SQL Selecting from very large datasets on non-indexed fields

Started by
3 comments, last by MButchers 18 years, 10 months ago
Hi There, I have a slight problem and wondered if anyone out there may have a solution other than the obvious ones of 'Adding an index'. The problem is I have an SQL database and have to select a subset of data out of certain tables, the worst case is 4Million + rows. The field I need to select data on is a non-indexed date time field, the selection obviously times out. The only solution I can think of ( without modifying the database ) is to use the ID field and do selects on the datetime field within a range of ID's e.g. SELECT [Fields] FROM [Table] WHERE [IndexedField] BETWEEN N AND N + 1000 AND [NonIndexedField] >= Value Does anyone out there no of any other methods which will solve this problem without modifying the source database. Thanks in advance Mark
Advertisement
Hmmm, you could select into a temporary table which is ordered by the field you're interested in and index that - but then you're still having to select and sort the data. I think the only real solution you have is creating an index unless you're certain the date/time is stored incrementally in the database (which you aren't).

Datetime fields are difficult to deal with, I just had to do some comparisons on a 150 Million record dataset.
You mean you're stuck querying a huge table on a field that isn't indexed and you don't want to build an index?

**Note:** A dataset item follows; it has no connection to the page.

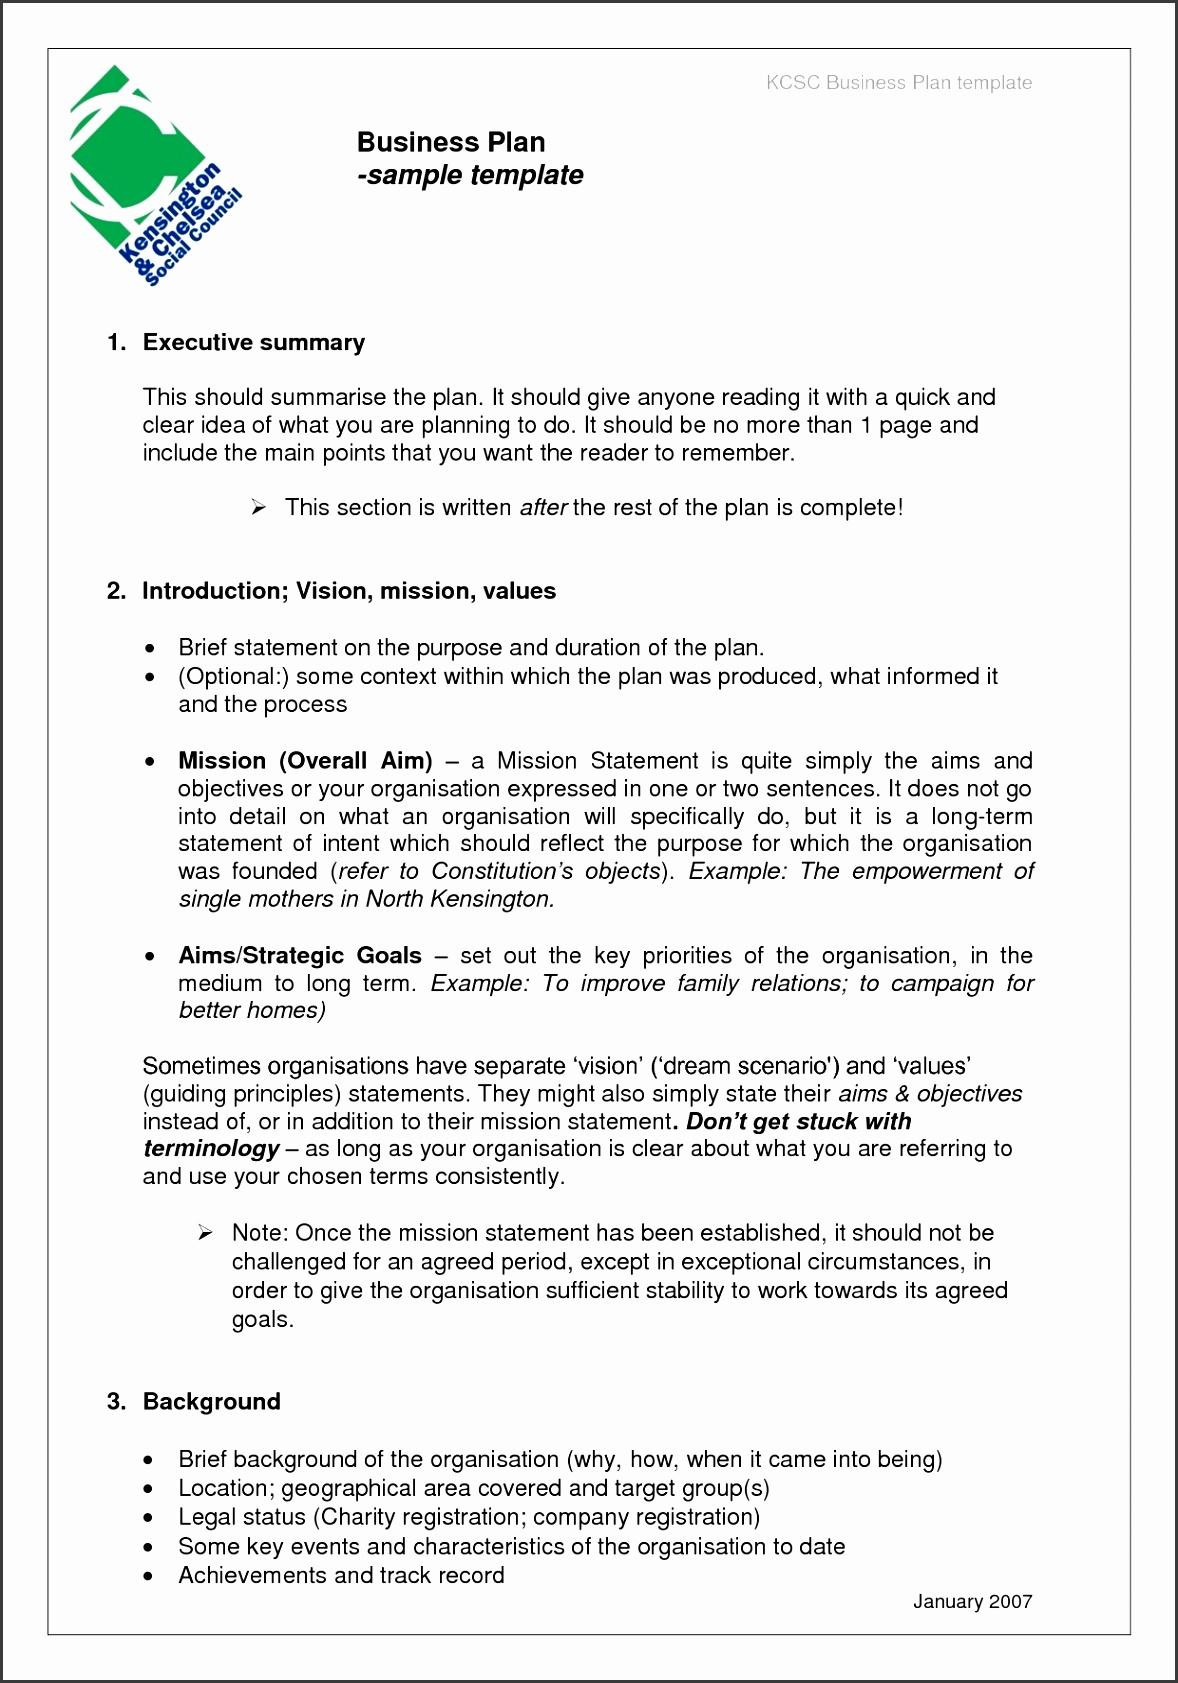 free small business plan templates uk free small business plan template australia free small business proposal
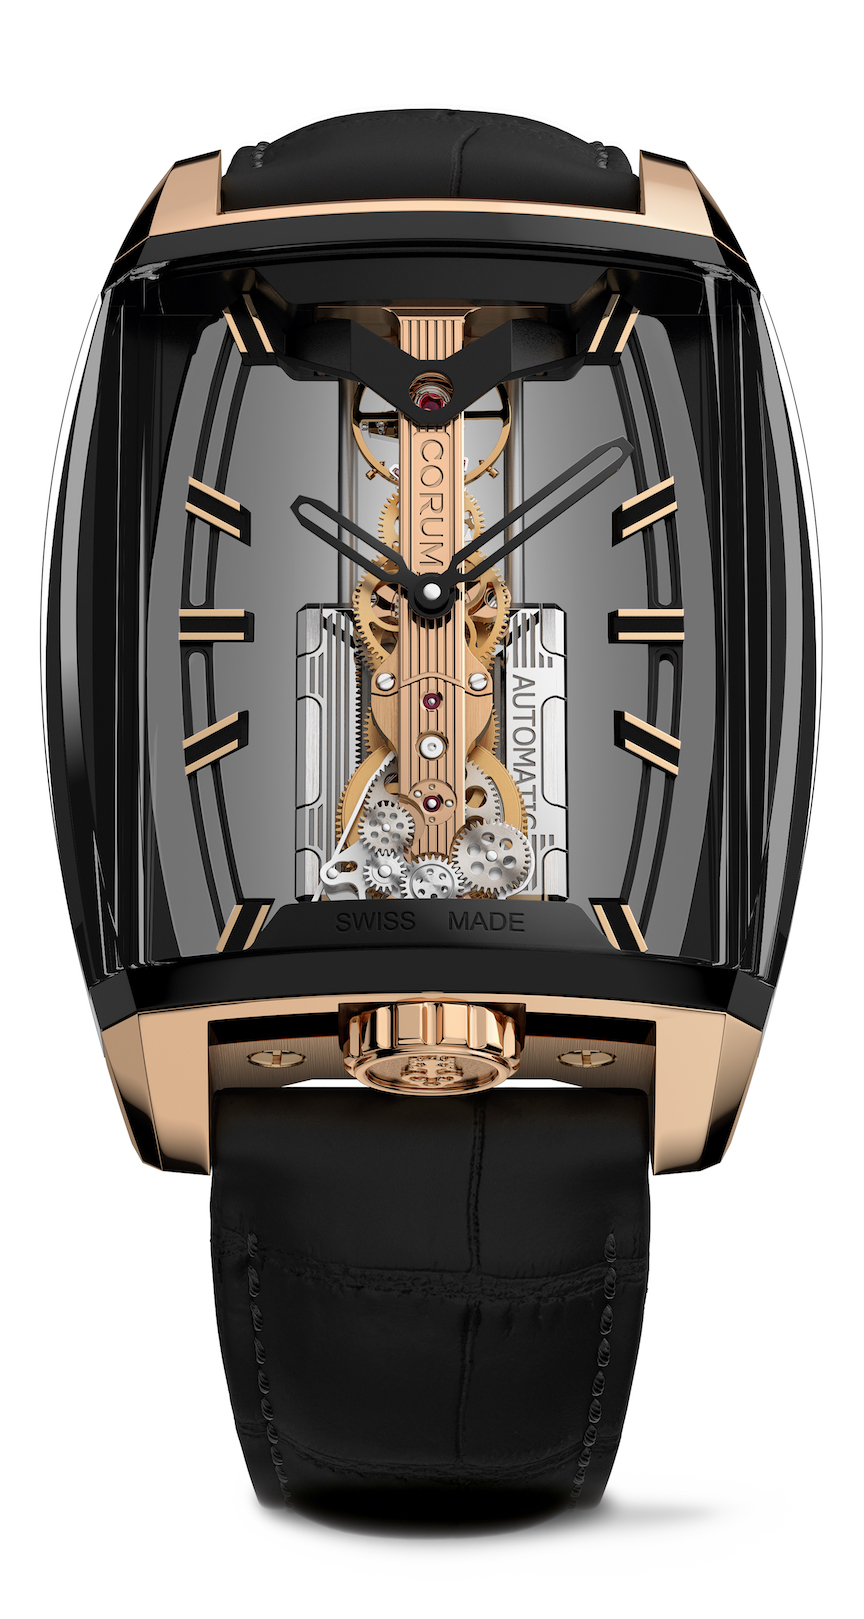 Corum Golden Bridge Automatic watch

Hmm... You could always look at what indexes you have available, and see if you can approximate your query somehow... but you might not get the accuracy you want.

What kind of application is this for? "relatively time-critical" or "overnight data-crunch that isn't actually time-critical, just my stupid thing keeps timing out"?

My other question was, out of the 4Mil, how many rows is this thing expected to return, on average?

One way to do it is close to what you're talking about, with the indexed field: If you have an indexed field that's relatively uniformly distributed accross the rows, then you can break the query down based on that index and do some local processing.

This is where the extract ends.